KSE-100 closes nearly flat on profit-taking
- Index settles at 64,637.64, slightly up by 20.7 points or 0.03
The Pakistan Stock Exchange’s (PSX) benchmark KSE-100 closed almost flat in a range-bound session on Friday, as late-session profit-taking erased the gains the index had made in the first half.
In the first-half of trading session, propelled by improved market sentiment on account of IMF approval, the benchmark index hit an intra-day high of 65,356.85 level, an increase of nearly 740 points.
However, profit-taking reigned in the second half of the trading session.
At close, the KSE-100 settled at 64,637.64, slightly up by 20.7 points or 0.03.
On Thursday, the PSX had rebounded with an over 1% gain amid talks of a rate cut in the next Monetary Policy Committee (MPC) meeting expected in January as the KSE-100 settled at 64,617.57, up by 697.72 points or 1.09%.
In a major development, the Executive Board of the IMF completed the first review of Pakistan’s economic reform programme supported by the IMF’s SBA on Thursday. The Board’s decision allows for an immediate disbursement of SDR 528 million (around $700 million), bringing total disbursements under the arrangement to SDR 1.422 billion (about $1.9 billion).
Pakistan’s 9-month SBA was approved by the Executive Board on July 12, 2023, in the amount of SDR 2.250 billion (about $3 billion at the time of approval).
The IMF said that the programme aims to provide Pakistan with a policy anchor for addressing domestic and external balances and a framework for financial support from multilateral and bilateral partners.
Market experts said the IMF approval would pave the way for funding from other multilateral and bilateral institutions.

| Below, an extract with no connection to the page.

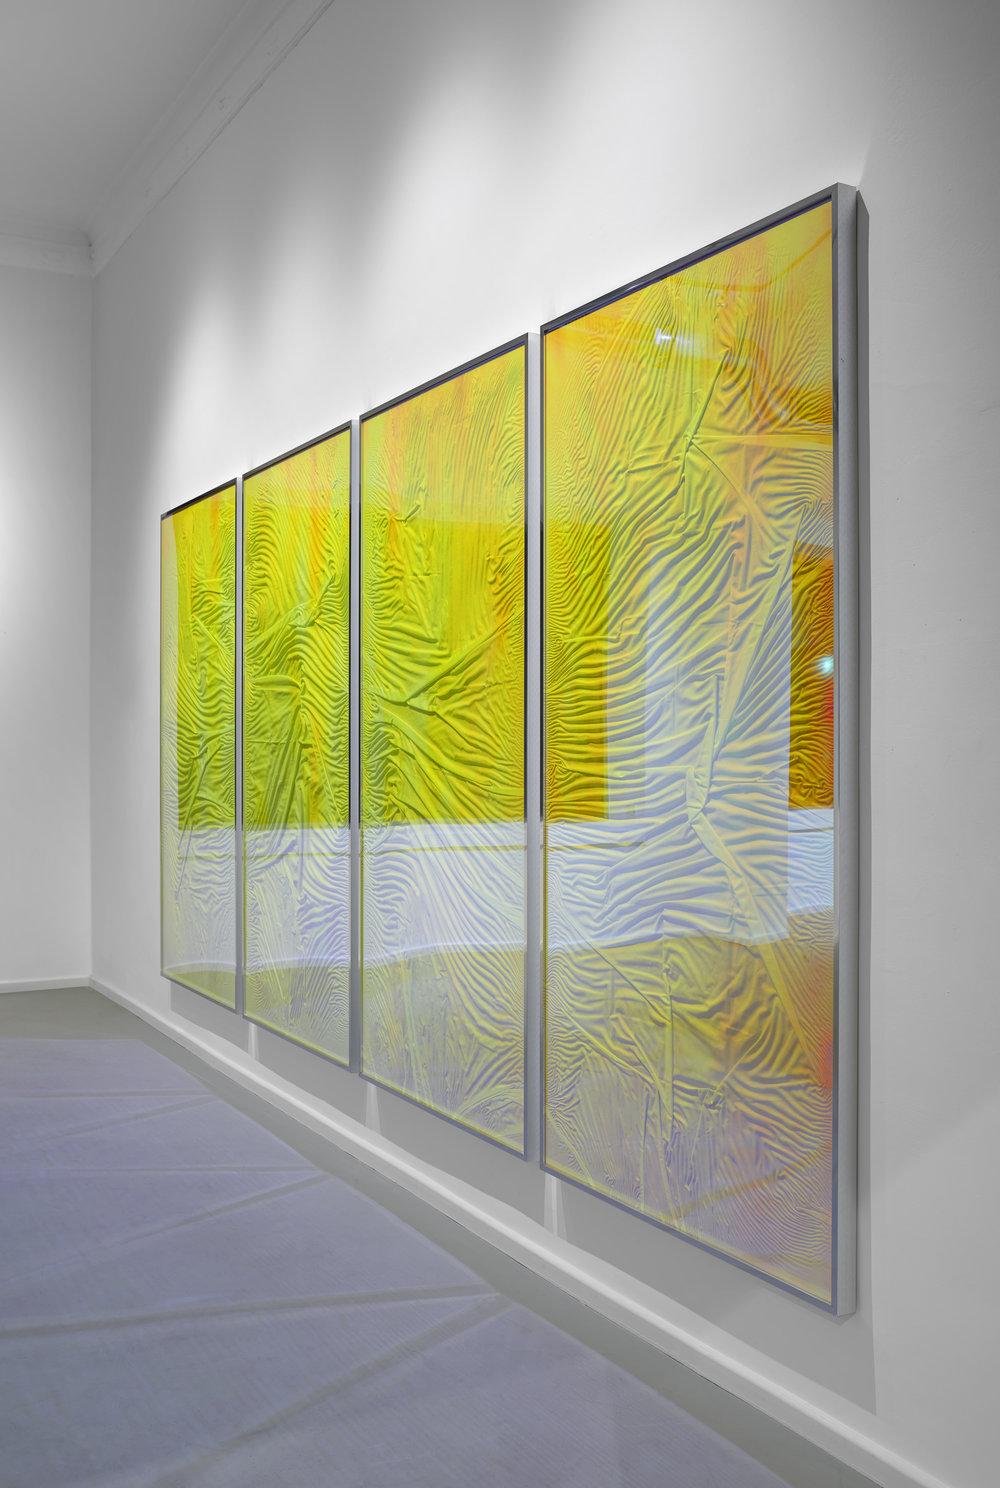 L'apparition / Part IV, V, VI, VII (Quadriptych),  2014 - Side view Linen on wood beneath Radiant Plexiglas, aluminium frame structure 400 x 200 cm (157 x 79 in)

“We believe that after IMF board approval, more dollar funding for Pakistan is likely from bilateral, multilateral and other sources,” said Topline Securities in a note on Friday.
“This will also facilitate rollovers, support foreign exchange reserves and bring stability to the currency.”
Globally, Asian shares were cautious on Friday as the escalating conflict in the Red Sea region sent oil prices surging, while slightly higher-than-expected US inflation data did not dent investors’ views on early and aggressive rate cuts in the US and Europe.
The rally in rates may have been helped by dovish comments from European Central Bank (ECB) President Christine Lagarde who said rate cuts would occur if the central bank has certainty that inflation had fallen to the 2% level.
MSCI’s broadest index of Asia-Pacific shares outside Japan eased 0.1%, although Japan’s Nikkei gained 1.2% to another 34-year high, boosted by a weak yen.
Meanwhile, the Pakistani rupee continued its positive trajectory against the US dollar for the eighth successive session, appreciating 0.3% in the inter-bank market on Friday. As per the State Bank of Pakistan, the local unit settled at 280.36 after an increase of Re0.75 against the greenback.
Volume on the all-share index increased to 643.3 million from 586.5 million a session before.
The value of shares increased to Rs20 billion from Rs17 billion in the previous session.
K-Electric Ltd. remained the volume leader with 142.5 million shares, followed by Pak Int.Bulk with 78 million shares and WorldCall Telecom with 27 million shares.
Shares of 365 companies were traded on Friday, of which 137 registered an increase, 261 recorded a fall, while 12 remained unchanged.